**Your instructions**:
Output exactly the lines below from the one containing "White Vanity Unit" to the last line, both included. Omit pictures.

**Data shown**:
****************

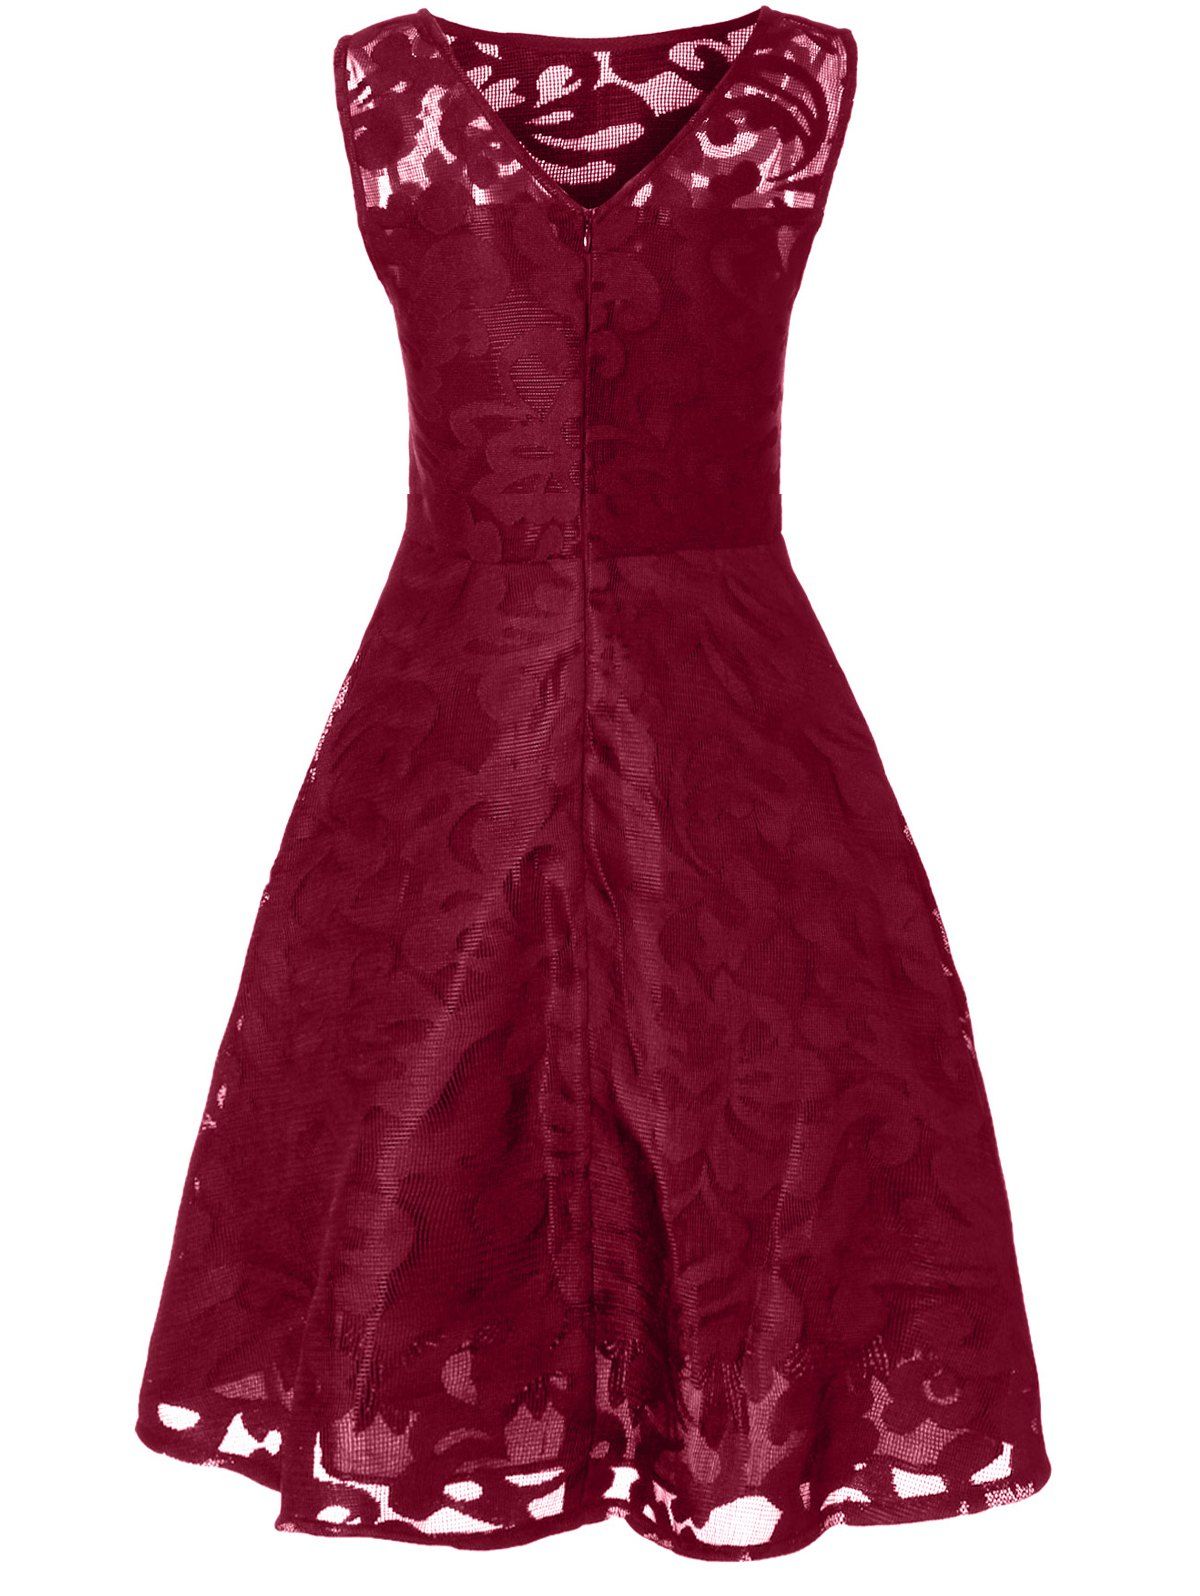 2018 Lace Plus Size Holiday Short Cocktail Dress BURGUNDY XL In Vintage ...
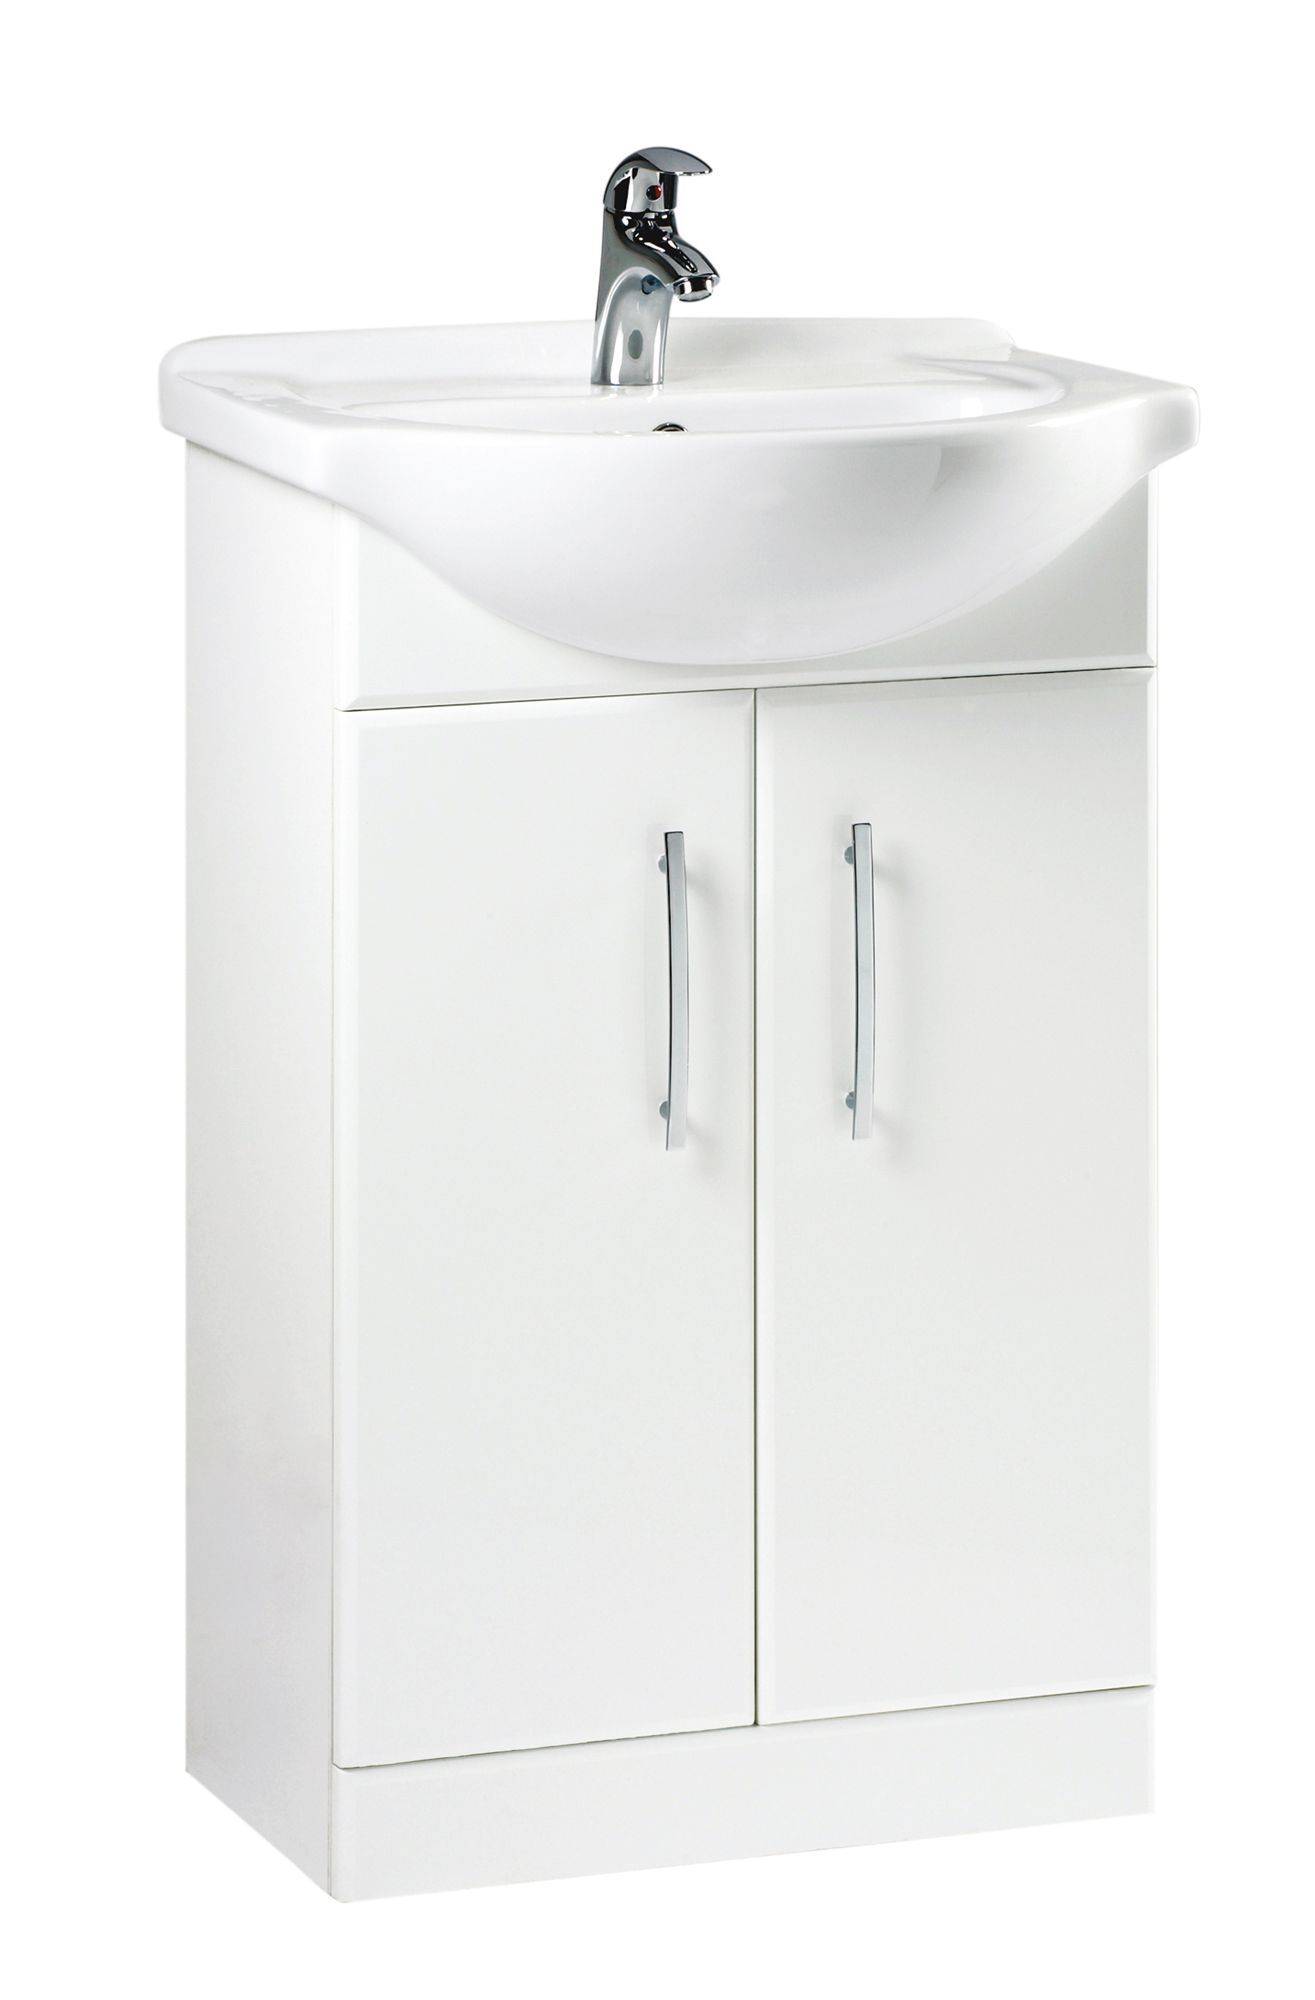 White Vanity Unit Basin Departments Diy At Bq Bathroom intended for size 1315 X 2000
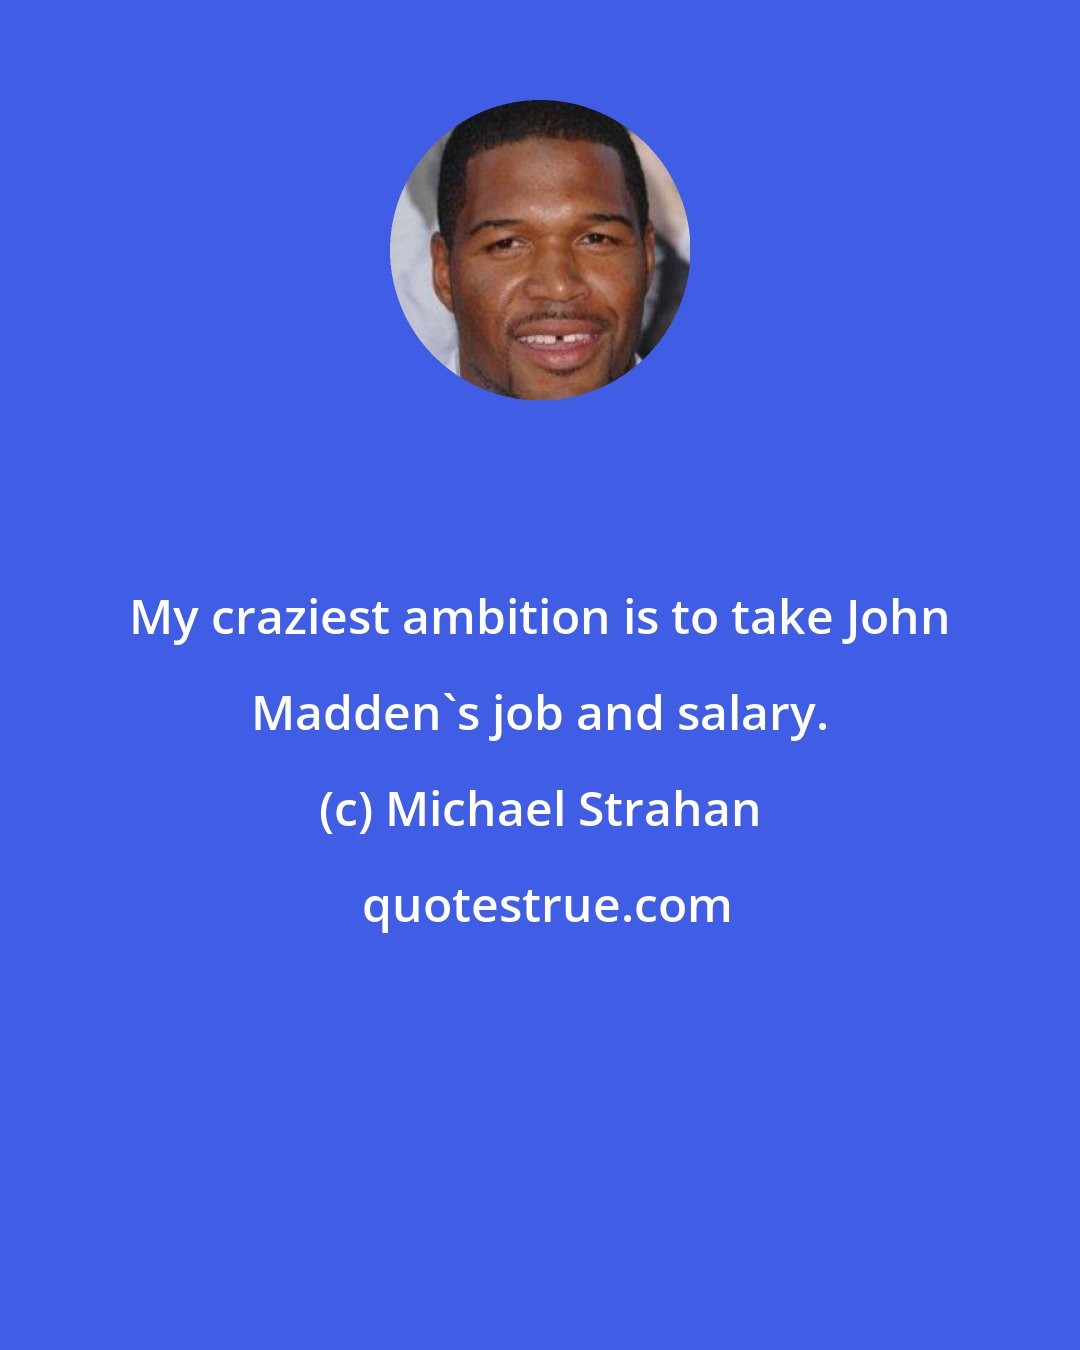 Michael Strahan: My craziest ambition is to take John Madden's job and salary.
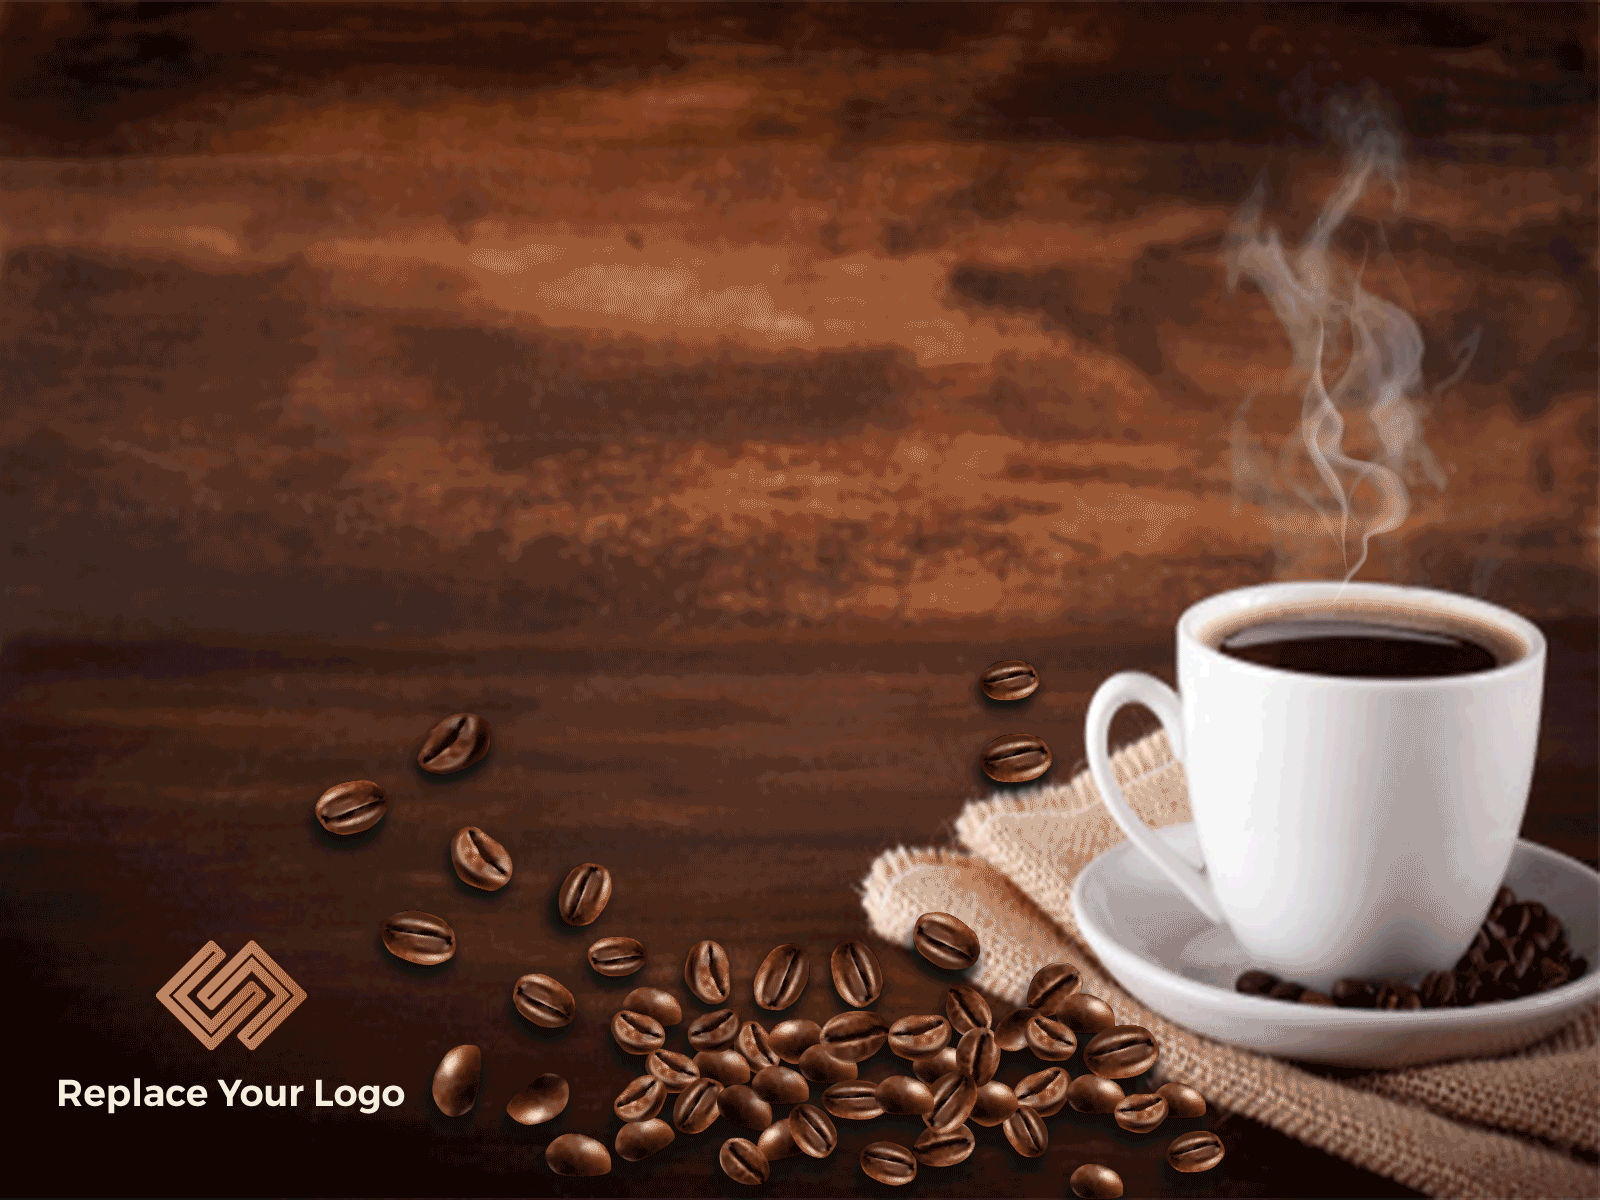 Free Animated Coffee Beans With Steam For Social Media Designs coffee free photoshop psd social media

****************

**Reply**:
 White Vanity Unit Basin Departments Diy At Bq Bathroom intended for size 1315 X 2000
 Michael Strahan: My craziest ambition is to take John Madden's job and salary.
 Free Animated Coffee Beans With Steam For Social Media Designs coffee free photoshop psd social media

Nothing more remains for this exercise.